Standardize values of 'Month' and 'Age upon Outcome'

In [None]:
from sklearn.preprocessing import StandardScaler

In [None]:
scaler = StandardScaler()

In [None]:
shelterDf['Age upon Outcome'] = scaler.fit_transform(shelterDf['Age upon Outcome'].values.reshape(-1,1))

In [None]:
shelterDf['Month'] = scaler.fit_transform(shelterDf['Month'].values.reshape(-1,1))

In [None]:
shelterDf['Year'] = scaler.fit_transform(shelterDf['Year'].values.reshape(-1,1))

In [None]:
shelterDf.head()

**Logistical Regression**

In [None]:
from sklearn.model_selection import train_test_split

In [None]:
X = shelterDf.drop(['Was Adopted'], axis =1)
y = shelterDf['Was Adopted']

In [None]:
X_train, X_test, y_train, y_test = train_test_split(X, y, test_size=0.3)

In [None]:
from sklearn.linear_model import LogisticRegression

In [None]:
logModel = LogisticRegression(solver='lbfgs')

In [None]:
logModel.fit(X_train, y_train)

In [None]:
predictions = logModel.predict(X_test)

In [None]:
from sklearn.metrics import classification_report,confusion_matrix

In [None]:
logClass = classification_report(y_test, predictions)
logConf = confusion_matrix(y_test, predictions)

print(logClass)
print(logConf)

Logistic regression yielded fairly accurate results with an f1-score of 0.76. Let's perform cross-validation to confirm that logisitical regression was a good choice of model

**Cross Validation**

In [None]:
from sklearn.model_selection import cross_val_score

In [None]:
scores = cross_val_score(logModel, X, y, cv=5)

In [None]:
print("Accuracy: %0.2f (+/- %0.2f)" % (scores.mean(), scores.std() * 2))

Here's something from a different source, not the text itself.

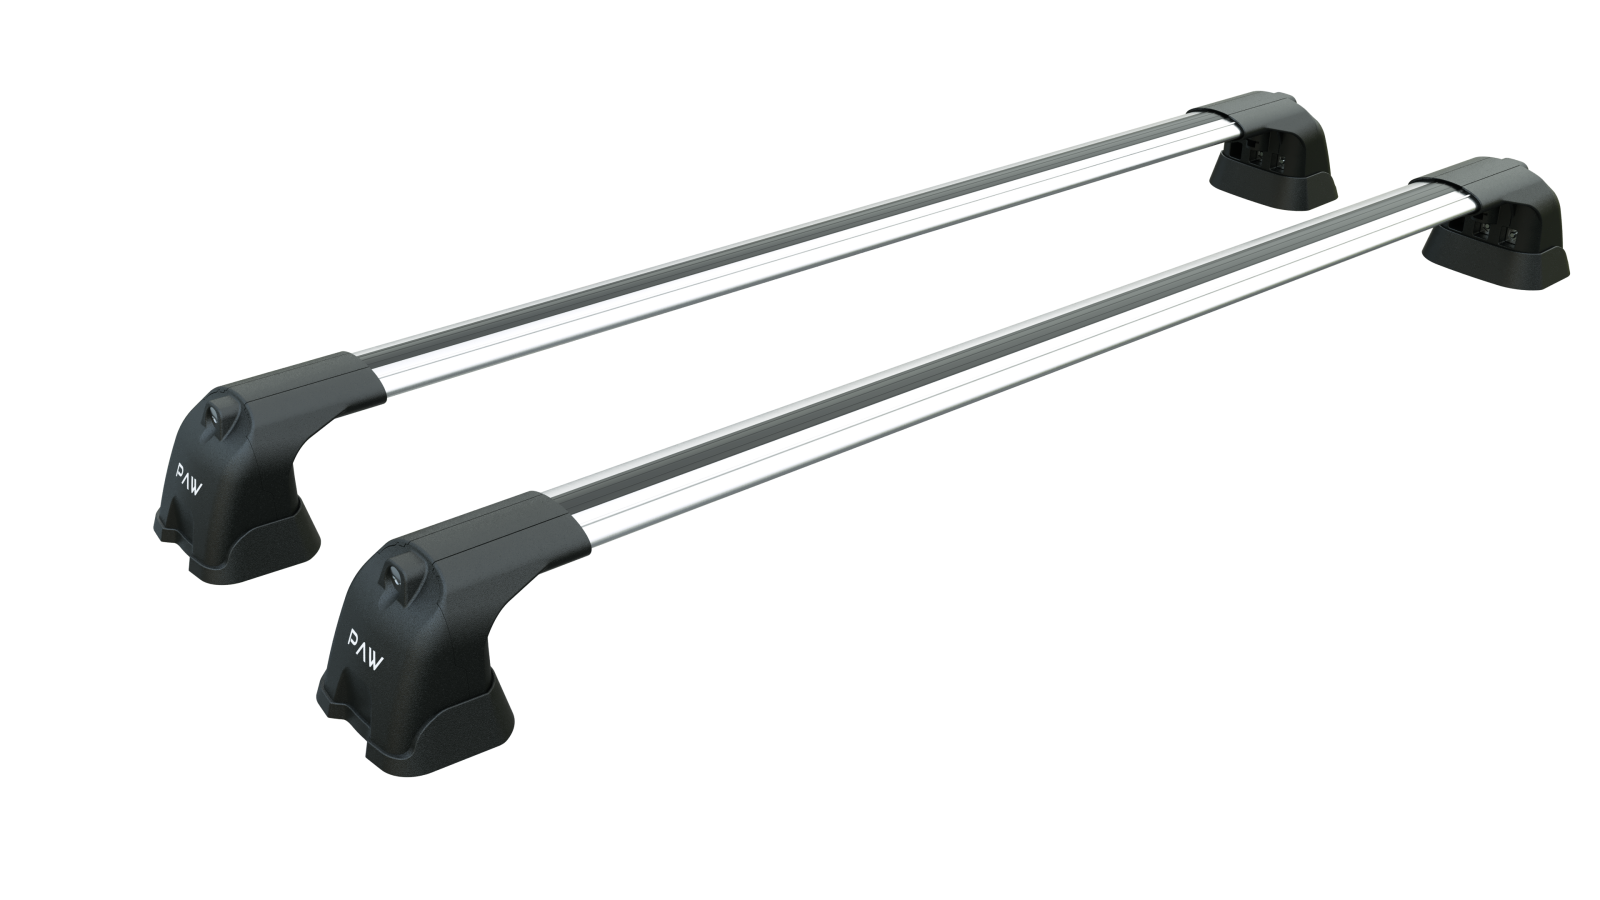 For Tesla Model S 2016-2021 Roof Rack Cross Bars Metal Bracket Fix Point Alu Silver

About the same accuracy across the several folds

**Conclusion**

Given how subjective some of the data we were given from this data set, Logistical Regression was still fairly accurate with an acuraccy of ~0.75. One improvement that could be made on this project would be feature engineering the 'breed' and 'color' features. For example, you could combine combine 'Brown/Black', 'Brown', 'Brown/White/Orange' all into one binary feature 'Is brown' and see if that has any relation with adoptions but I doubt an animals color is too important when someone is considering adoption.

Furthermore, if you wanted to predict multiple outcomes other than just adoption such as Adoption, Transfer, Other then this project could easily be modified to do so by not combining all non-adoption outcomes. However, based on the results of only trying to predict adoption I find it likely the predictions will be very innacurate.